Demokrasi itu sangat indah teorinya. Pemerintahan dari
rakyat, oleh rakyat, dan untuk rakyat. Negara bahkan didirikan dengan tujuan
menyejahterakan rakyatnya, mendidik mereka menjadi pintar, dan melindungi
hak-haknya. Semua kebijakan dibuat dengan pertimbangan kepentingan rakyat.
Rakyat adalah raja.
Negara modern yang memiliki berjuta-juta penduduk sangatlah
susah apabila ingin menerapkan demokrasi langsung. Apabila dipaksakan, yang
terjadi adalah ketidakefisienan. Keputusan yang bulat akan sangat lama
diperoleh dan ditetapkan. Jadi pilihannya hanyalah demokrasi perwakilan atau
tidak langsung. Rakyat memilih wakil-wakilnya yang akan menduduki jabatan legislatif.

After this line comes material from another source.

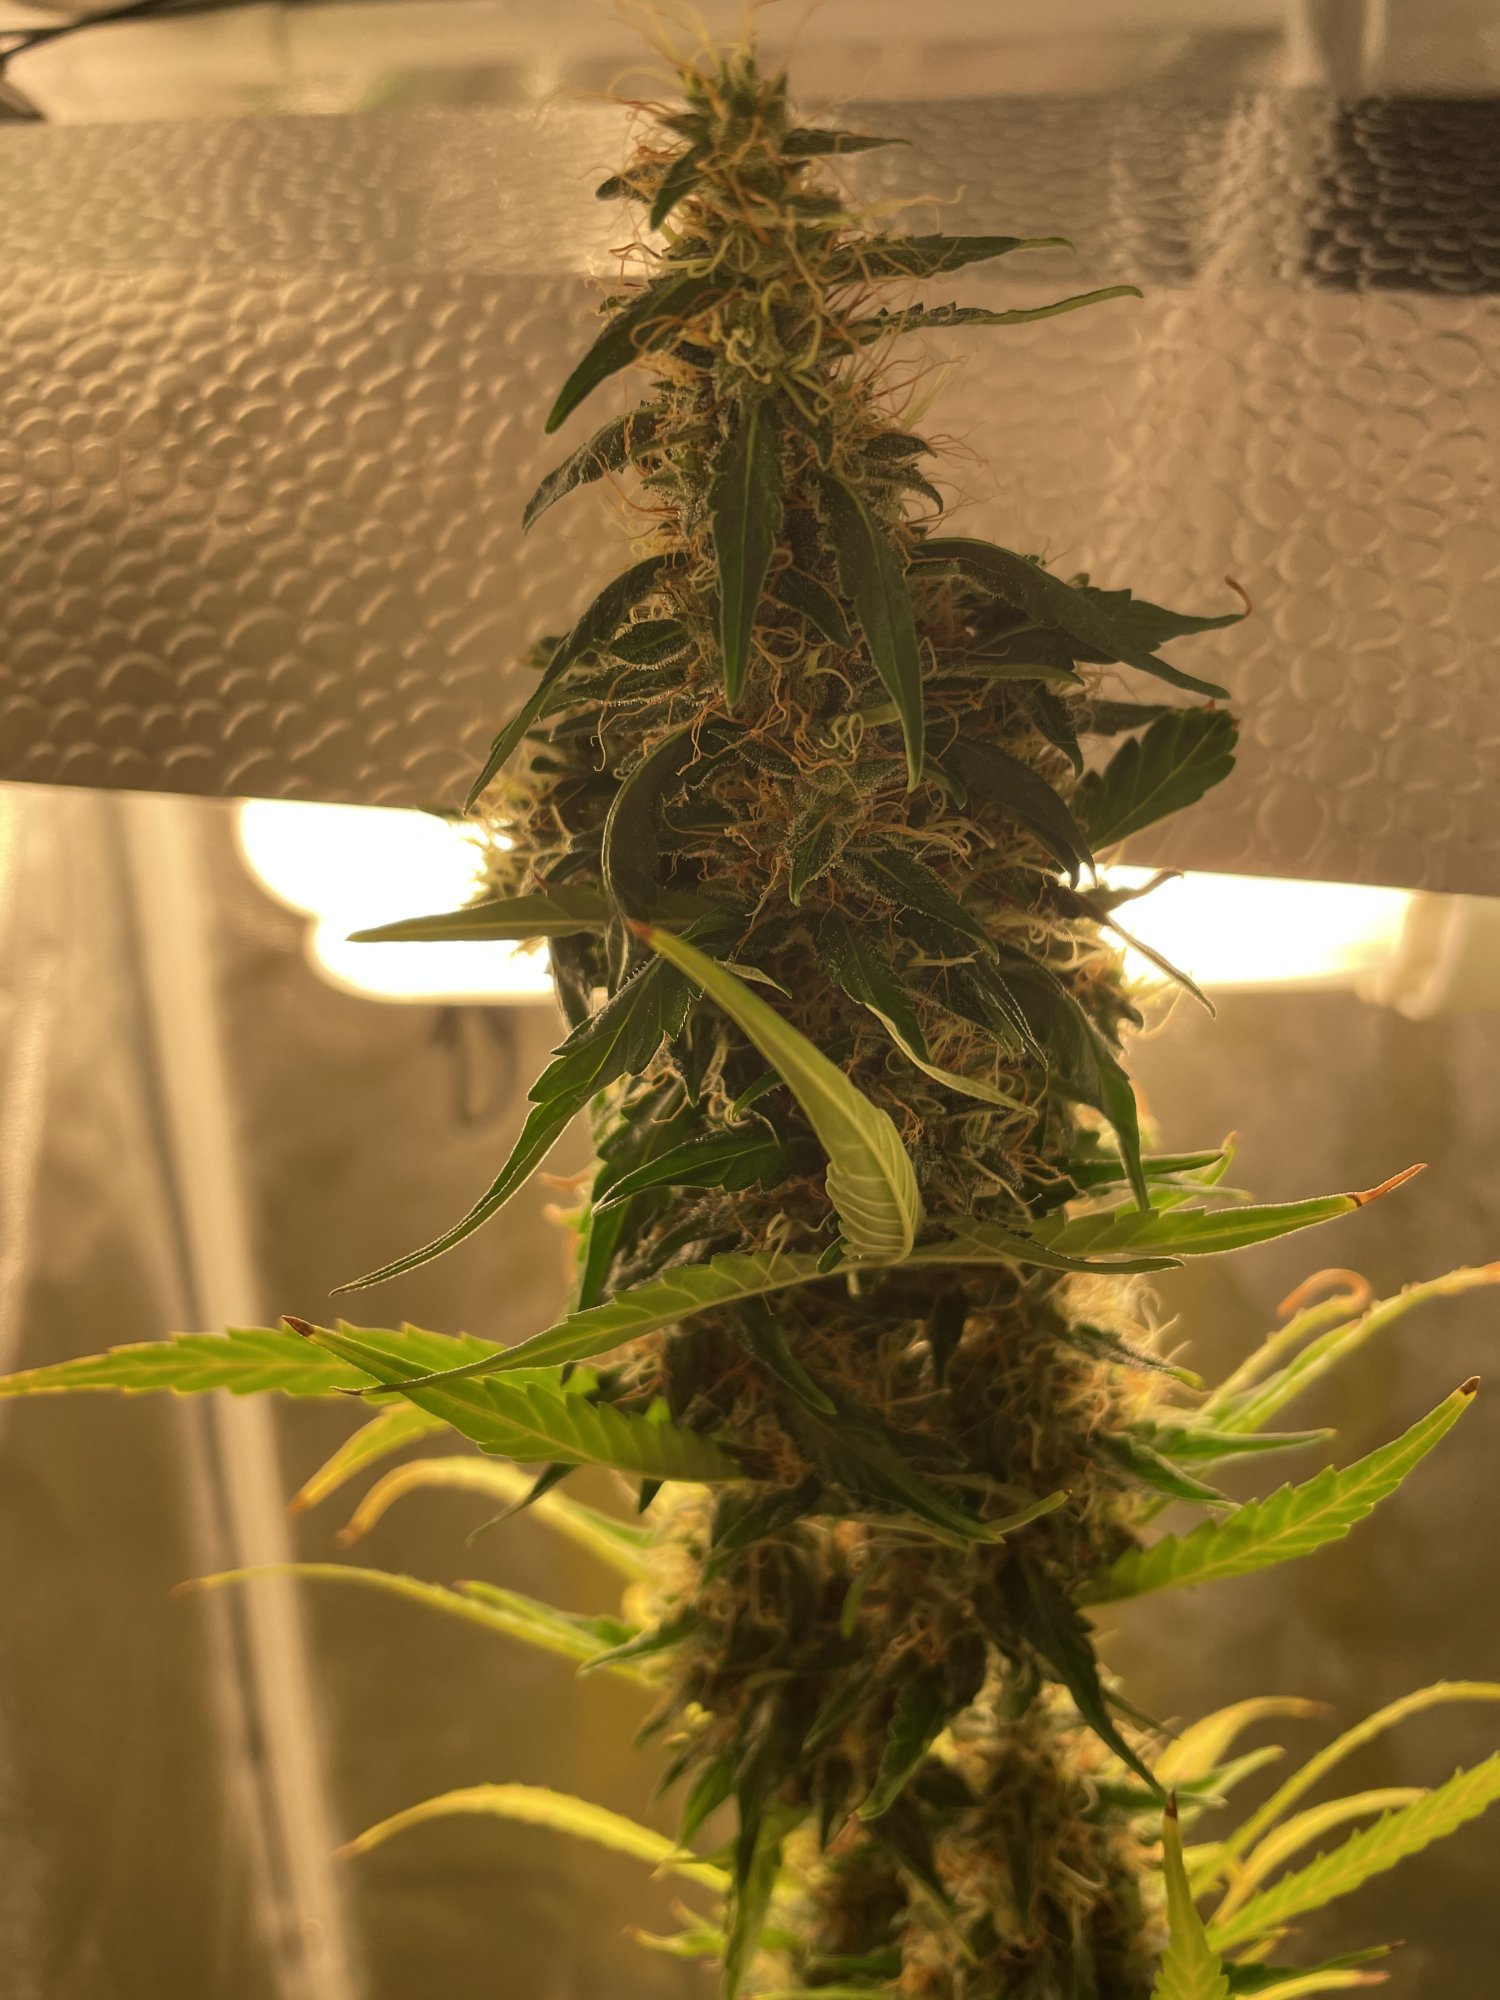 After some expertise   my auto flowering blue treacle is nearing harvest 7

Melalui wakil-wakilnya itu, pemikiran masyarakat disalurkan.
Demokrasi perwakilan itu bukanlah demokrasi ketika legislatif
tidak pernah bersinggungan dengan rakyat yang diwakilinya. Legislatif itu
eksklusif. Seakan-akan ada, seharusnya tidak ada, jurang yang sangat lebar yang
memisahkan antara legislatif dengan rakyat. Suara rakyat tidak terdengar oleh
mereka. Saya sampai bingung, sebenarnya para legislatif itu menyuarakan suara
rakyat atau pemikirannya sendiri atau malahan pemikiran partainya.
Saya tidak ingin mengeneralisasi para wakil rakyat
yang terhormat itu. Tapi ketika seseorang menduduki kursi legislatif, tidak ada
dari mereka yang miskin. Duduk disana berarti kaya raya, punya rumah, mobil,
kekuasaan, dan kesibukan yang tiada henti. Itulah alasan mengapa diperebutkan. Bukanlah
dongeng bahwa kesenjangan antara yang kaya dan miskin bagaikan tembok berlin
yang baru akan runtuh ketika si kaya membuka hati.
Rakyat miskin terlalu berkecil hati untuk mendekati
mereka. Sedangkan para legislatif itu dengan rumahnya yang megah, mobilnya yang
mewah, dan kesibukannya yang menjadikan waktu seperti sapi perah tidak pernah
berhenti bekerja. Mereka membahas peraturan yang tidak pernah selesai. Mereka
membawa keluarganya ke eropa untuk belajar dan belanja. Mereka menyusun
anggaran untuk memperbaiki ruang rapat mereka sampai taraf mubazir. Mereka juga
menjadi selebriti yang berdebat di televisi. Dengan kesibukan yang super padat
seperti itu, kapan mereka mendengarkan rakyat? Kalau seperti ini, praktek demokrasi kita hanyalah topeng!
Saya sempat penasaran dengan prestasi legislatif di
tahun lalu. Saya coba googling dengan
kata kunci “prestasi DPR 2012”. Silahkan lihat sendiri hasilnya.